One master, many backups
In actual applications, in most cases, reading is much greater than writing. Mysql provides a read-write separation mechanism. All write operations must correspond to the Master. Read operations can be performed on the Master and Slave machines. The structures of Slave and Master are exactly the same. A Master can have multiple Slaves, and even one Slave. You can attach Slave, which can effectively improve the QPS of the DB cluster.
All write operations are performed on the Master first, and then synchronized to the Slave. Therefore, there is a certain delay in synchronizing from the Master to the Slave machine. When the system is very busy, the delay problem will be more serious and the number of Slave machines increases. It will also make the problem worse.In addition, it can be seen that the Master is the bottleneck of the cluster. When there are too many write operations, it will seriously affect the stability of the Master. If the Master hangs up, the entire cluster will not work properly.
So, 1. When the reading pressure is very high, you can consider adding Slave machines to solve the problem.

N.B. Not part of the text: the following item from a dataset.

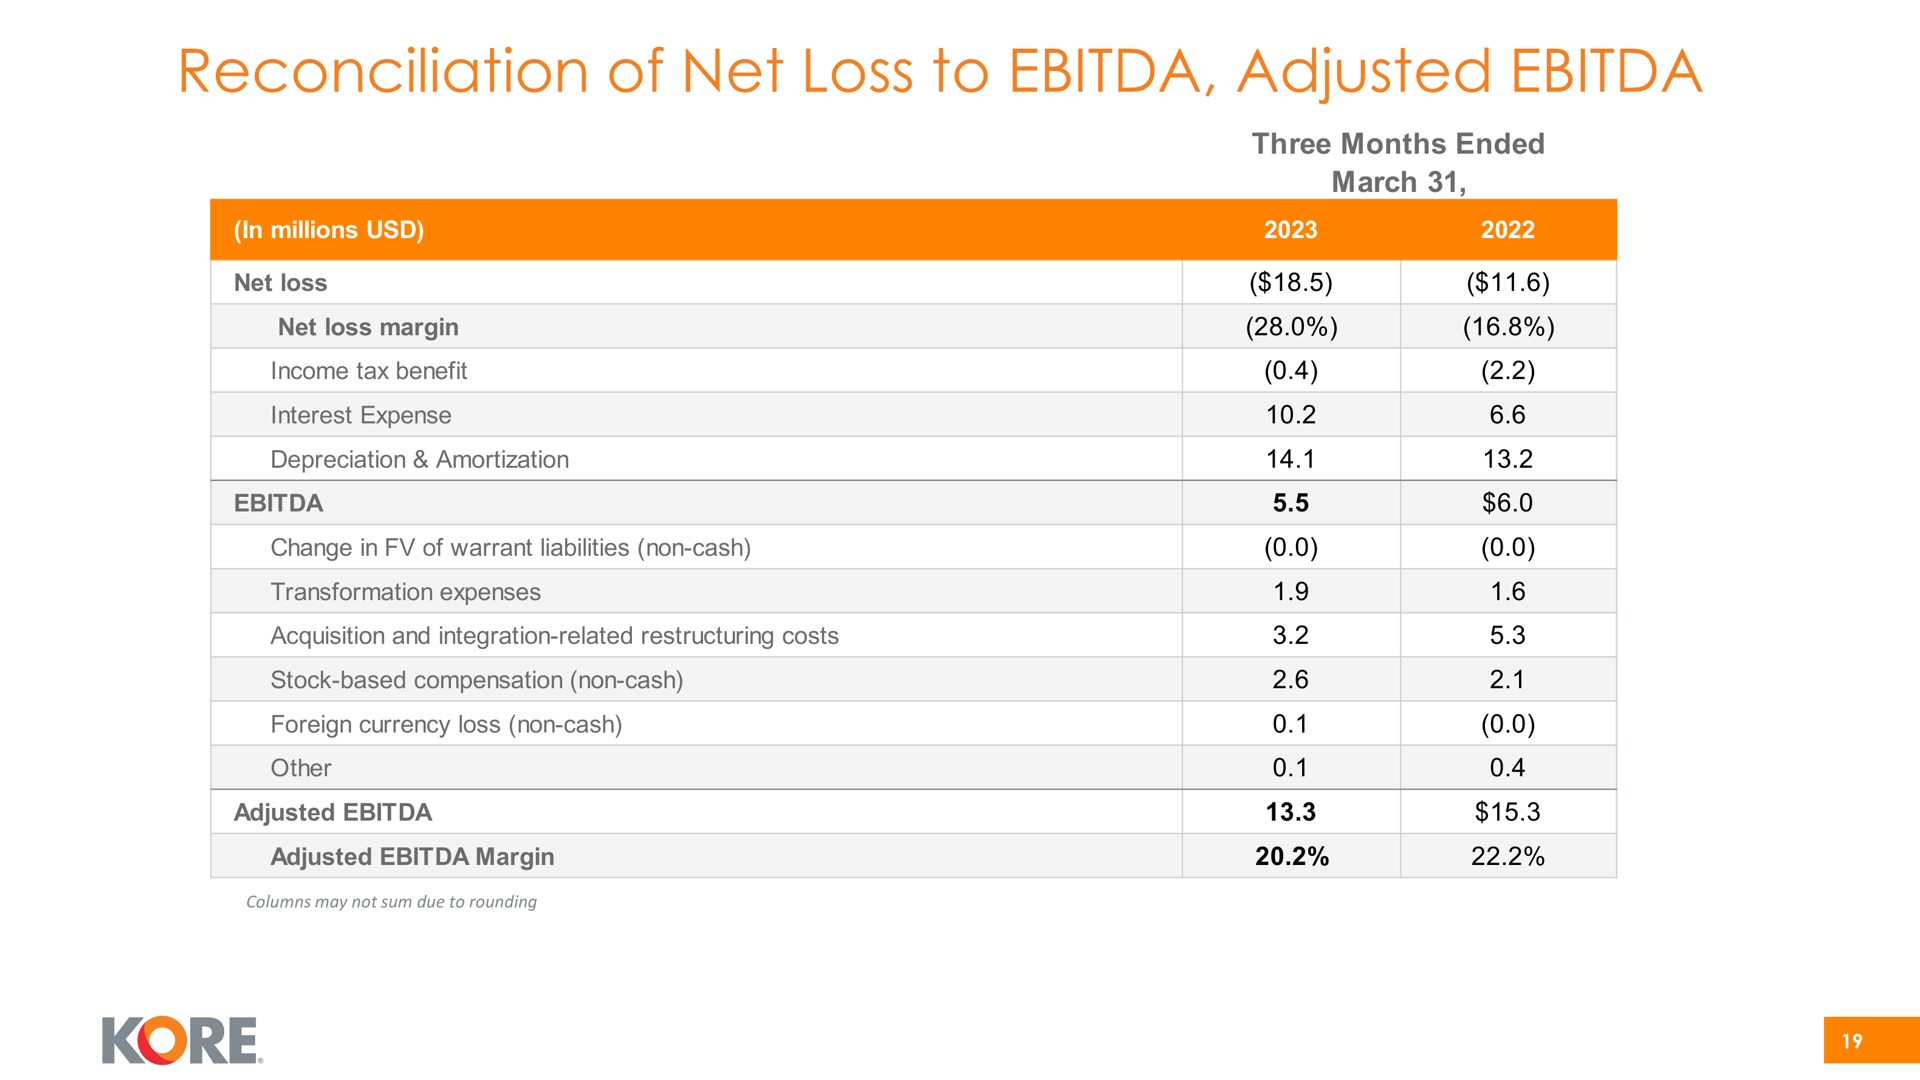 reconciliation of net loss to adjusted kore | Kore

However, when the number of Slave machines reaches a certain number, you have to consider sub-library. 2. When the writing pressure is very high, you must perform database sub-operation.
Why does MySQL need to be divided into databases and tables?

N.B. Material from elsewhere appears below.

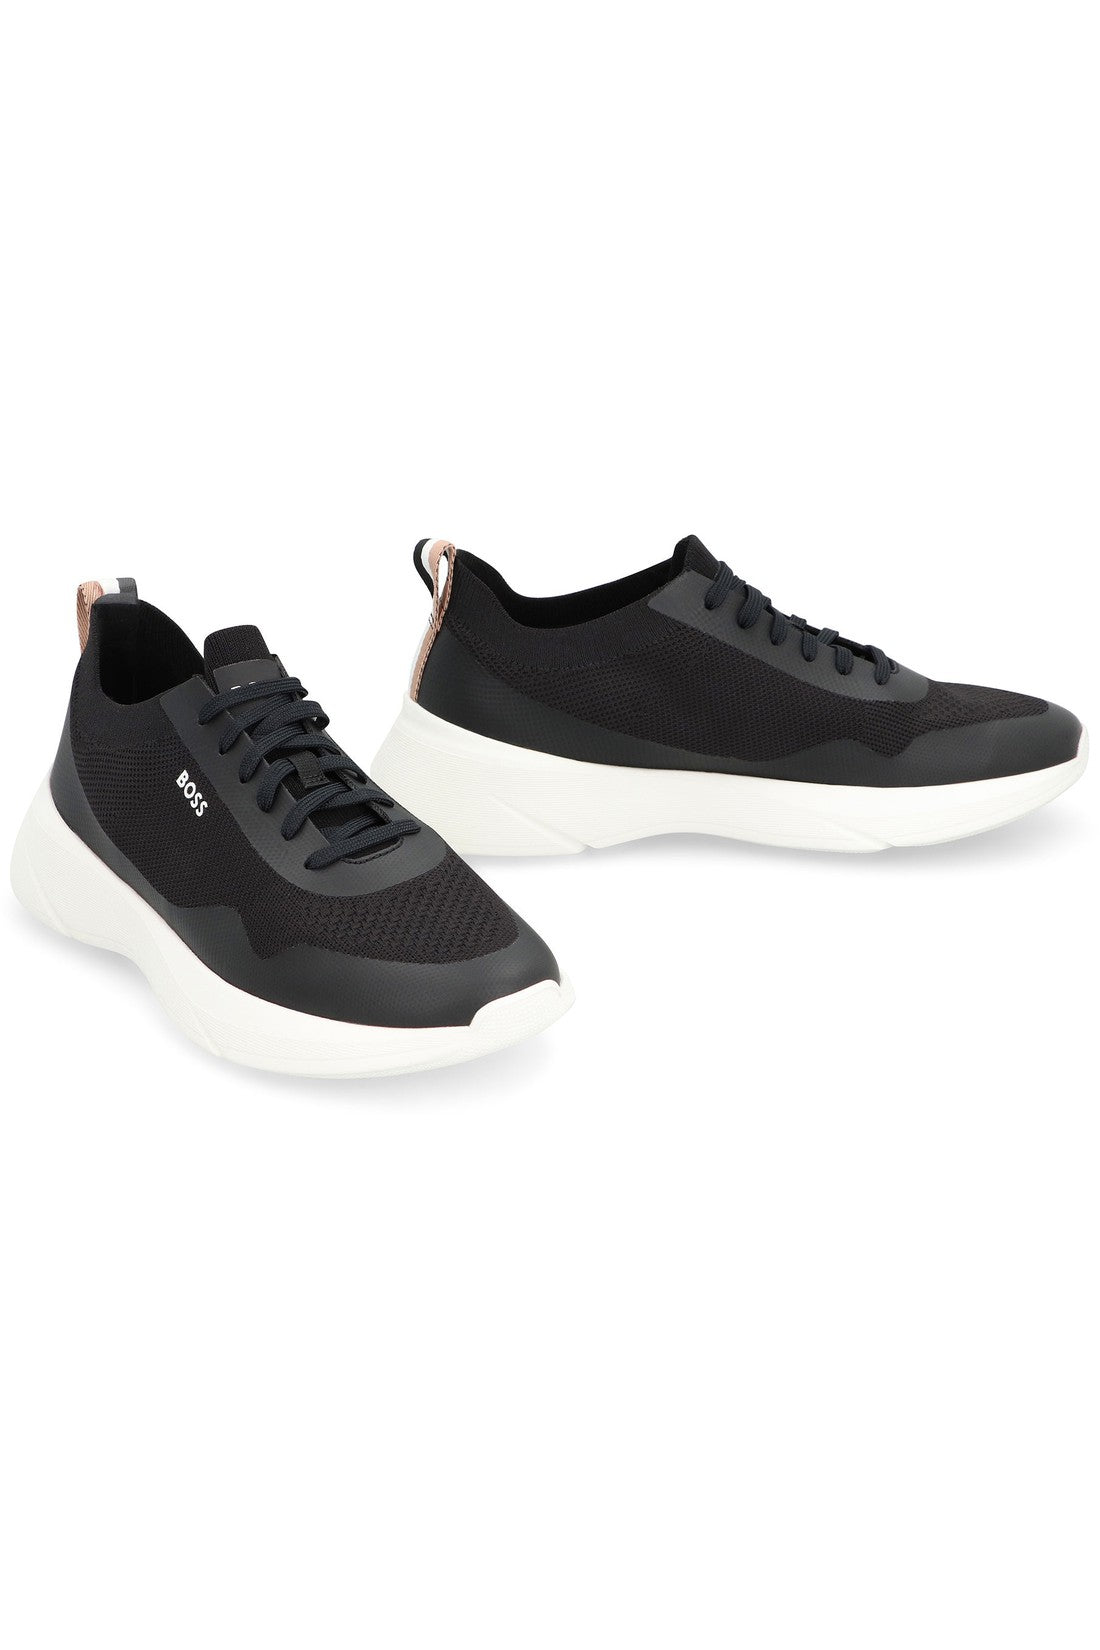 BOSS-OUTLET-SALE-Dean fabric low-top sneakers-ARCHIVIST

It can be said that where MySQL is used, as long as the amount of data is large, you will immediately encounter a problem, which requires splitting databases and tables.
Here is a question: Why do we need to divide databases and tables? Can’t MySQL handle large tables?
In fact, it can handle large tables. In the projects I have experienced, the physical file size of a single table is more than 80G, and the number of records in a single table is more than 500 million, and this table
It belongs to a very useful table: friend relationship table.
But this method can be said to be not the best method. Because file systems such as Ext3 file systems also have many problems in handling larger than large files.
This level can be replaced by the xfs file system. However, there is a problem that is difficult to solve when the MySQL single table is too large: the operation base related to table structure adjustment
This is not possible. Therefore, major projects will supervise the application of sub-databases and sub-tables during use.
From Innodb itself, there are only two locks on the Btree of the data file, the leaf node lock and the child node lock. You can imagine that when a page split or addition occurs
New leaves will cause data to be unable to be written into the table.
Therefore, sub-database and sub-table are still a better choice.
So how many sub-databases and tables are appropriate?
After testing 10 million records in a single table, the writing and reading performance is relatively good. In this way, leaving some buffer, then all data fonts in the single table are maintained at
The number of records is below 8 million, and the single table with character type is kept below 5 million.
If planned according to 100 databases and 100 tables, such as user business:
5 million*100*100 = 500,000,000 = 500 billion records.
Now that I have a number in mind, it is relatively easy to plan according to business.